• [Problem details] From the records below, output exactly the lines running from the line containing "Dog-walking on Mount Sentinel in fall" through the line containing "Vintage FROG TOAD", and no others.

• [Data records]

╭──

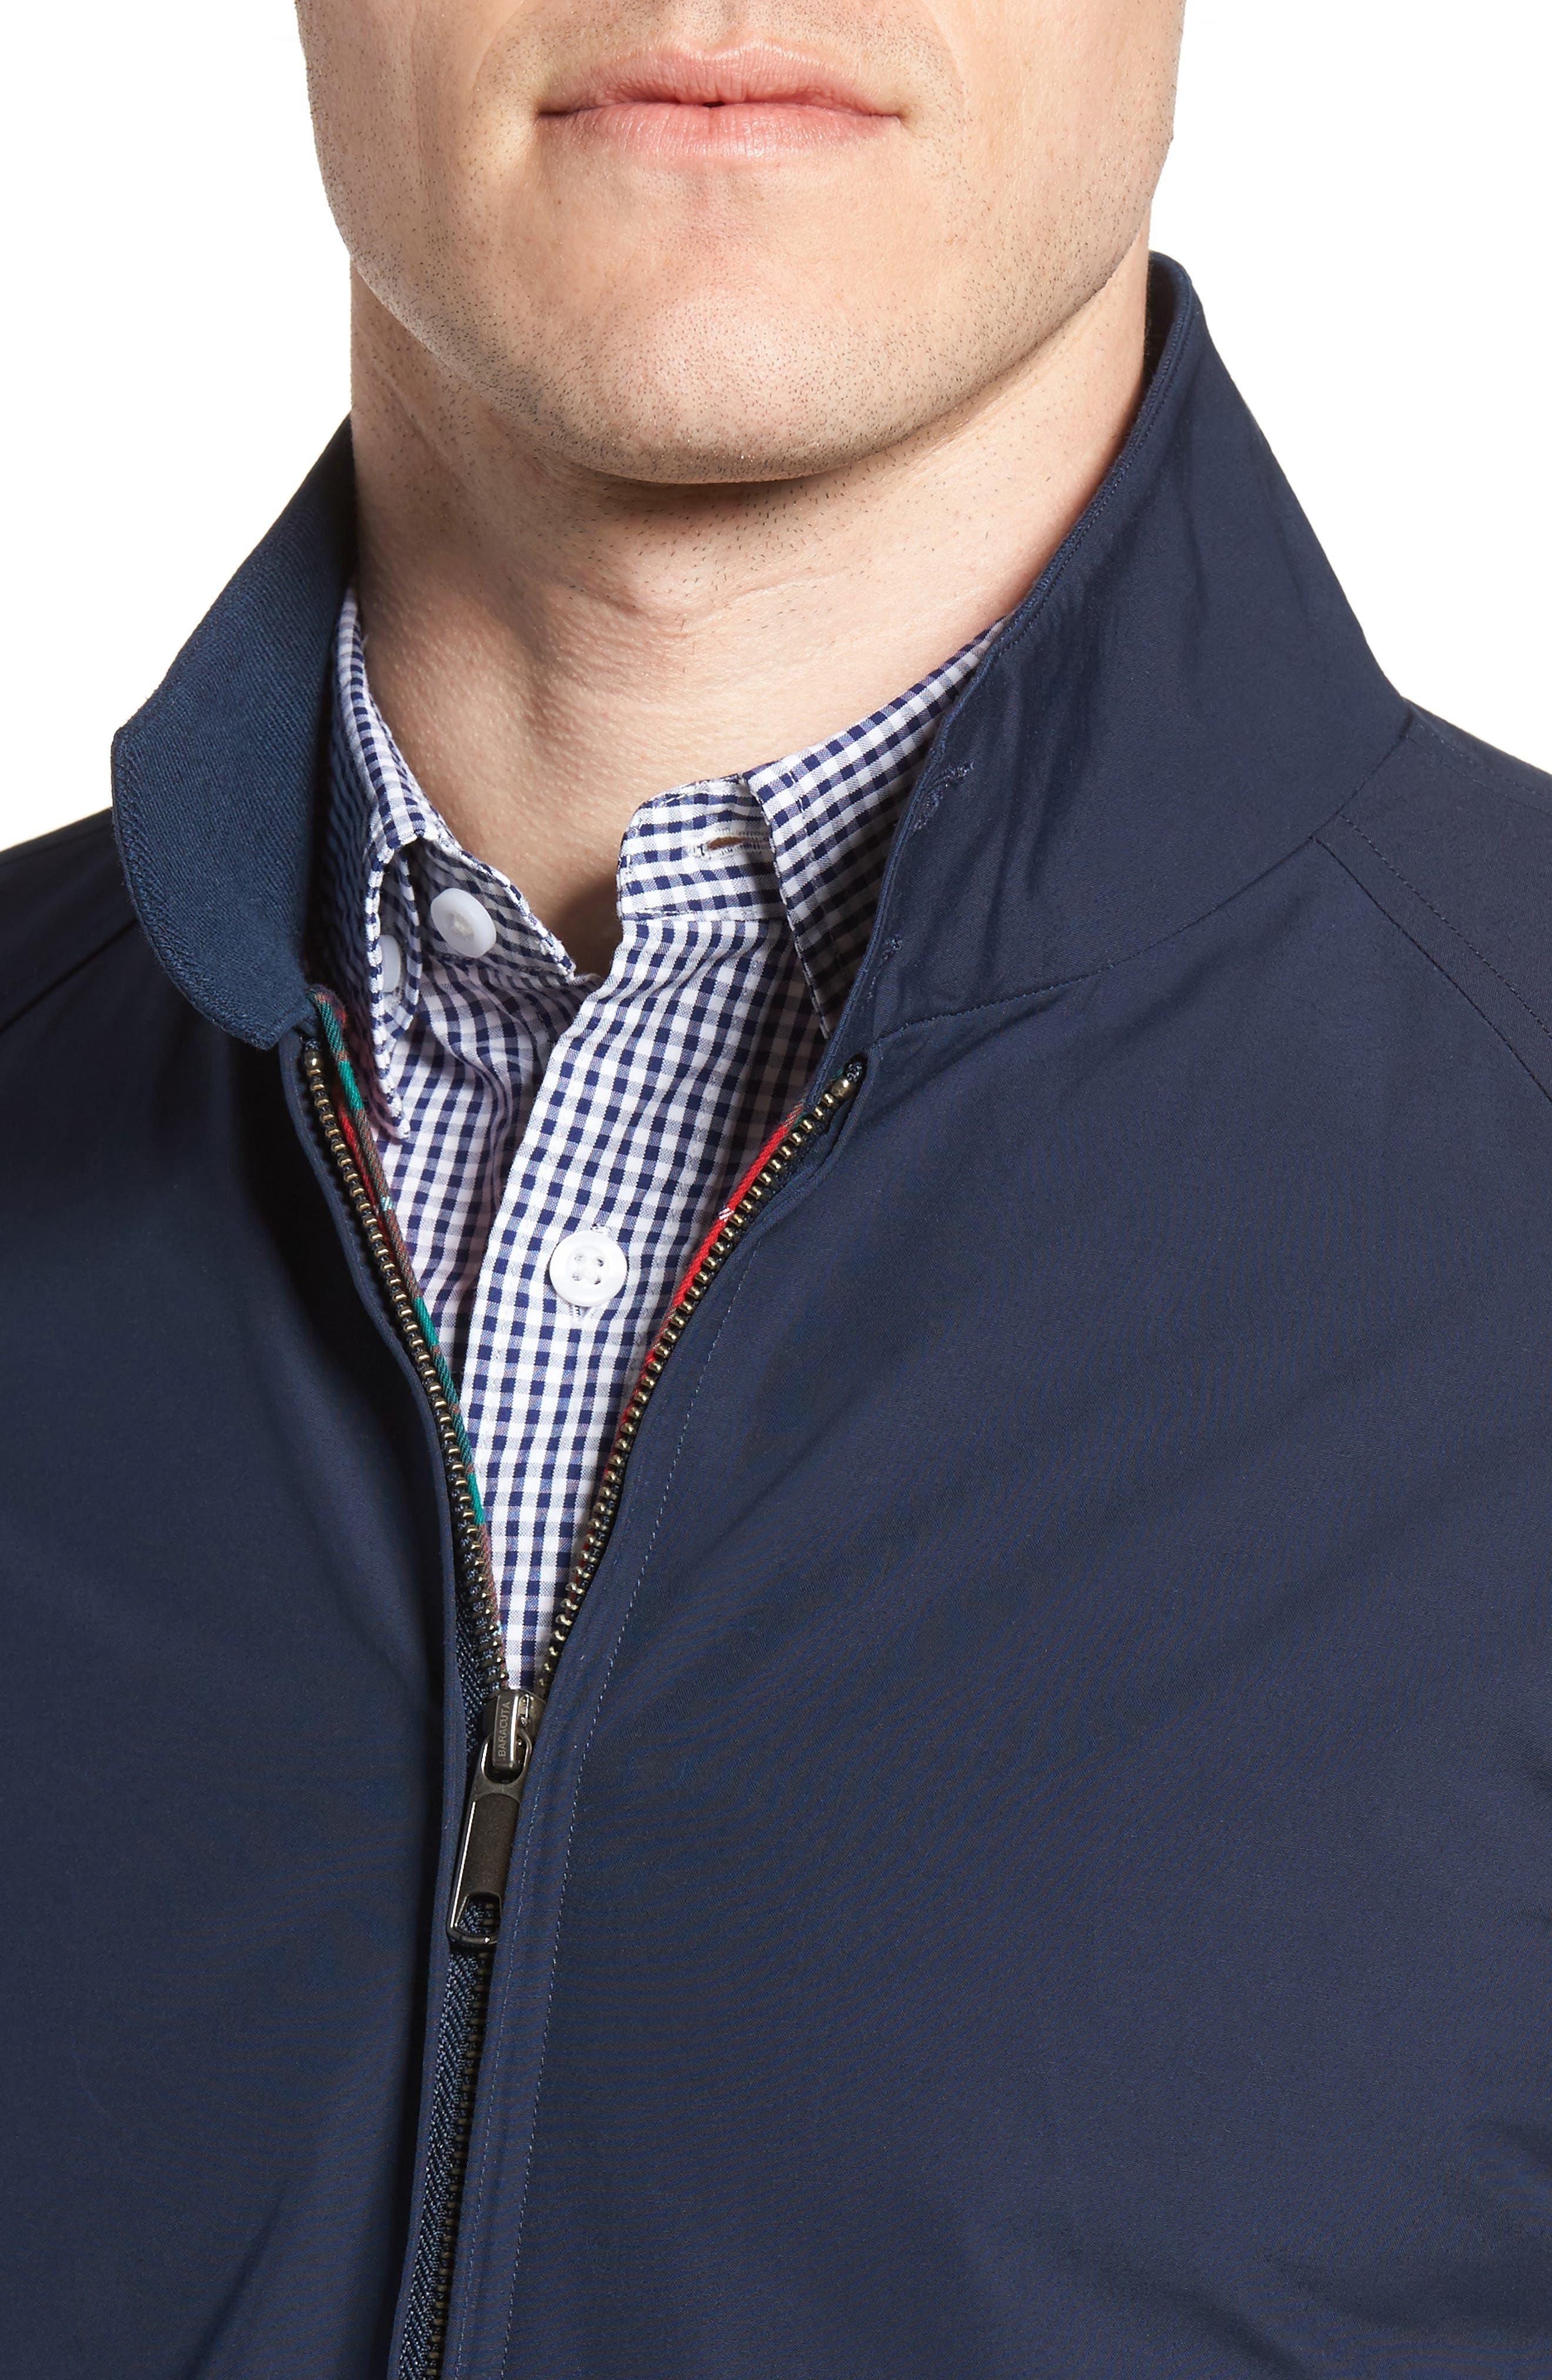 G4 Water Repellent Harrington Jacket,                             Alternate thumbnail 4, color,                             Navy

╰──
╭──

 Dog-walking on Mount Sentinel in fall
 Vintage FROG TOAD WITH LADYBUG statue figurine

╰──

• [Reply to the exercise]
 Dog-walking on Mount Sentinel in fall
 Vintage FROG TOAD WITH LADYBUG statue figurine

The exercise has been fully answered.